There have always been many Bob Dylans, recurrent varying aspects of his complex personality, as well as specific manifestations or personae that relate to those aspects. For instance, Preacher Bob, who was arguably a part of Folky Bob in the early 1960s, reappeared in the late 1970s as Christian Bob.
Folky Bob made a radical transformation into Rocky Bob, otherwise known as Amphetamine Bob, in the mid-1960s. This is his most famous self-reinvention as an artist and the subject of Martin Scorsese’s excellent Dylan documentary, No Direction Home, as well as a key part of Todd Haynes’s new imaginative take on aspects of Dylan, I’m Not There. But there are, of course, many other Bobs, some of whom Haynes accounts for in his film.
The idea of I’m Not There is to body forth six avatars of Dylanhood and tell their stories or let them present themselves. None are actually named Bob Dylan and one’s first question is “Only six?” We don’t get Vegas Bob, Jewish Bob, or his most recent incarnation, Ancient Cowboy-Rabbi Bob (related to Troubadour Bob), but we do get partial aspects of the sum total of Bobness.
We have young Folky Bob presented as a runaway black kid (Marcus Carl Franklin) strumming his guitar as he steals a ride on trains, and calling himself Woody Guthrie. Jack Rollins (Christian Bale), a folk and protest singer who becomes a holy roller and singing Pentecostal minister. In sequences that take off directly from DA Pennebaker’s 1967 Dylan film, Don’t Look Back, Cate Blanchett plays an androgynous singer, Jude Quinn, at the point of going electric and freaking out on those amphetamines. (Does the name mingle “Judas”, the cry thrown at Dylan then, and his Quinn the Eskimo?)
Those personae all make sense in terms of Dylan’s biographical history. The other three are more oblique representations of Dylanhood, the kind of thing he evokes in his own song when he talks about being “ready for to fade into my own parade”. They might be categorised as the poet, the actor and the quasi-mythic Old West figure. Ben Whishaw plays a character called Arthur Rimbaud and answers questions about himself and his poetry under some kind of interrogation.
Rimbaud as poète maudit, deranging his senses to explode consciousness, was of course a major inspiration for Dylan, a prime generator of his wild, mind-bending mid-1960s lyric style (and perhaps his leap into psychedelic rock’n’roll). Heath Ledger plays an actor playing a singer and represents Dylan the chameleonic performer — as well as some of his dark side. Finally, there’s Richard Gere as a version of Billy the Kid, living in a phantasmagoric countryside soundtracked by The Basement Tapes and Knockin’ on Heaven’s Door.
In a style that in part combines the methods of Haynes’s own previous films, Poison and Velvet Goldmine, I’m Not There moves back and forth between these parallel personae and their storylines. I have a high tolerance for this kind of thing, but I see that others will find it irksome. Some confusion arises in the latter stages of the film: I’m still not clear on what exactly happens in the Billy narrative, for one.
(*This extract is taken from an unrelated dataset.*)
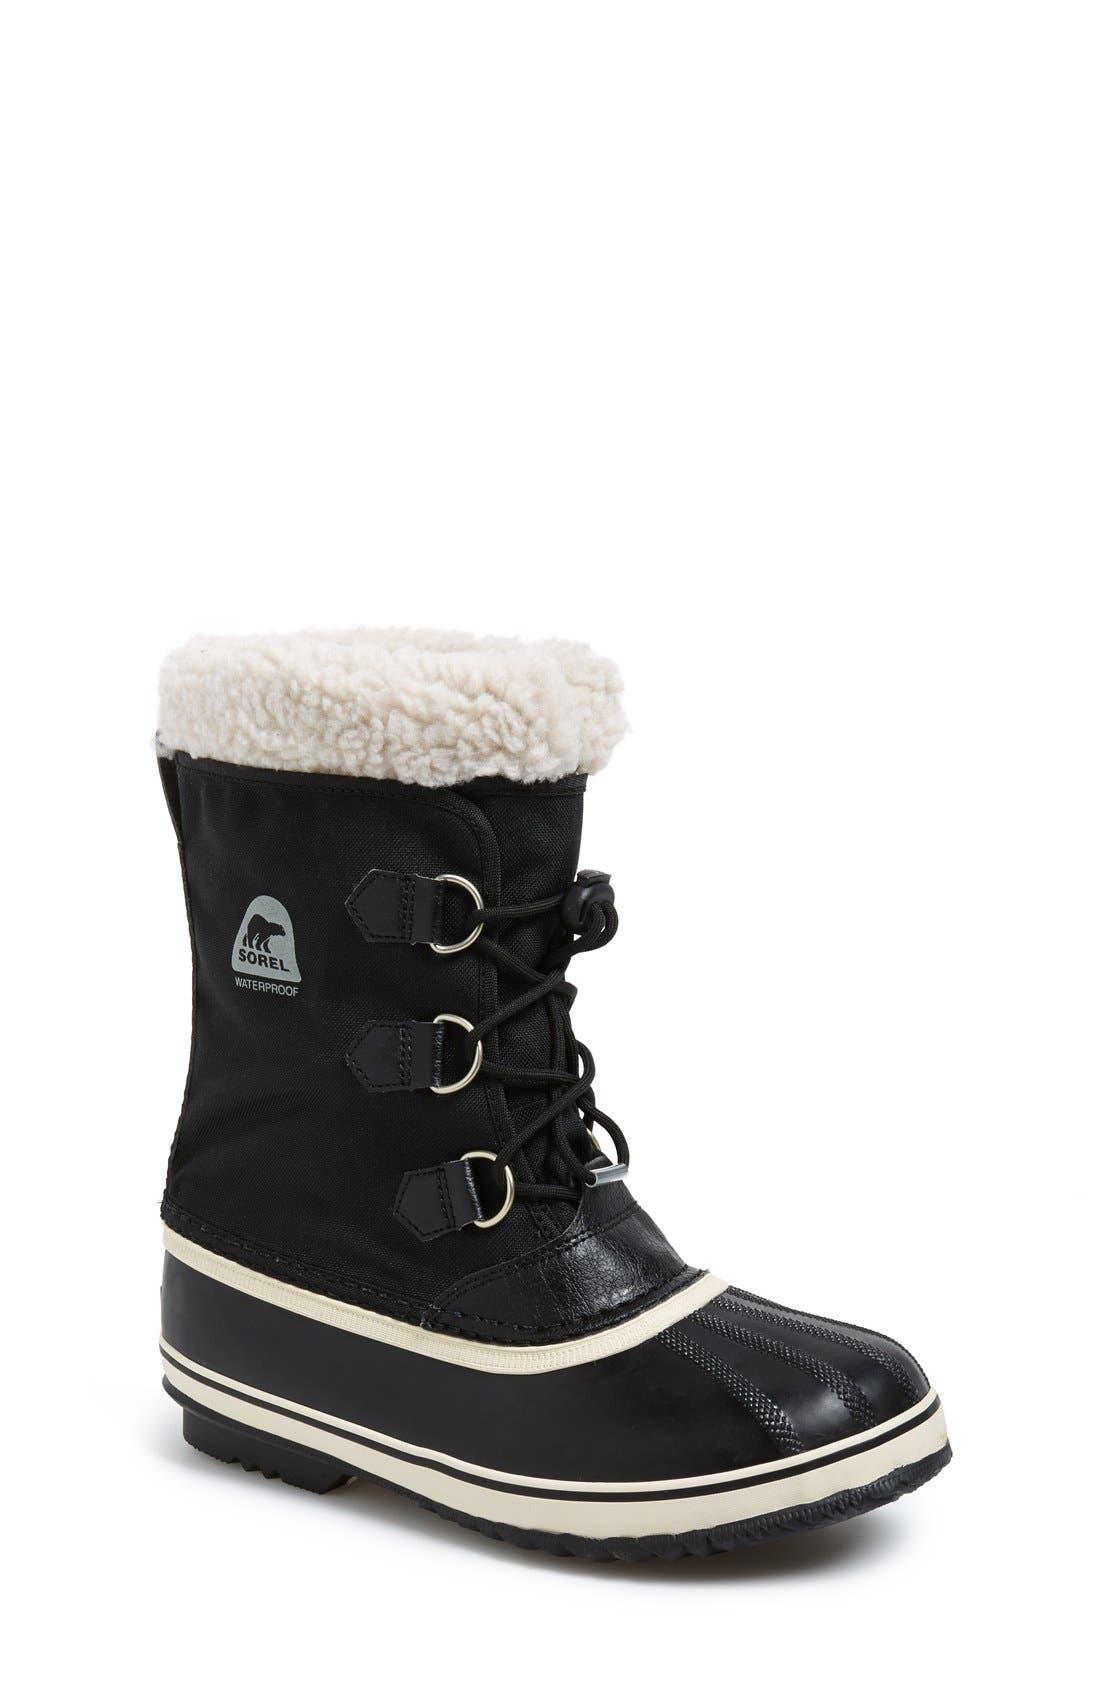 Main Image - SOREL 'Yoot Pac' Waterproof Snow Boot (Toddler, Little Kid

There is much to fascinate and stimulate here, especially for those who have a (fragmented) Dylan songbook in their heads, as I do. And much musical delight, sung by the author and others, though it feels like some Dylan songs are just too much for a movie to deal with.
There’s not a lot of the obviousness of Across the Universe, which turned Beatles songs into a story about people called Lucy and Jude. There are naturally characters in I’m Not There called Johanna and Louise, but given the cavalcade of weird figures who tramp through Dylan songs, such as Desolation Row or Stuck Inside of Mobile with the Memphis Blues Again, such appropriation is minimal.
Inevitably, the question about a film like I’m Not There — a film of parts — is whether the parts add up. I’m not sure they do, and that does leave one feeling a little unsatisfied. But it sends one back to Bob, and perhaps that’s just the nature of the project, which rejects a totalising view. Anyway, how on earth to sum up such a complex figure, not just biographically (which would be hard enough), but imaginatively, through his creative personae? Maybe, as the title hints, there is no sum, or the sum’s beyond our reckoning and we must be content with a prismatic take on a mystery tramp, happy to be endlessly intrigued by the startling patterns of a human kaleidoscope.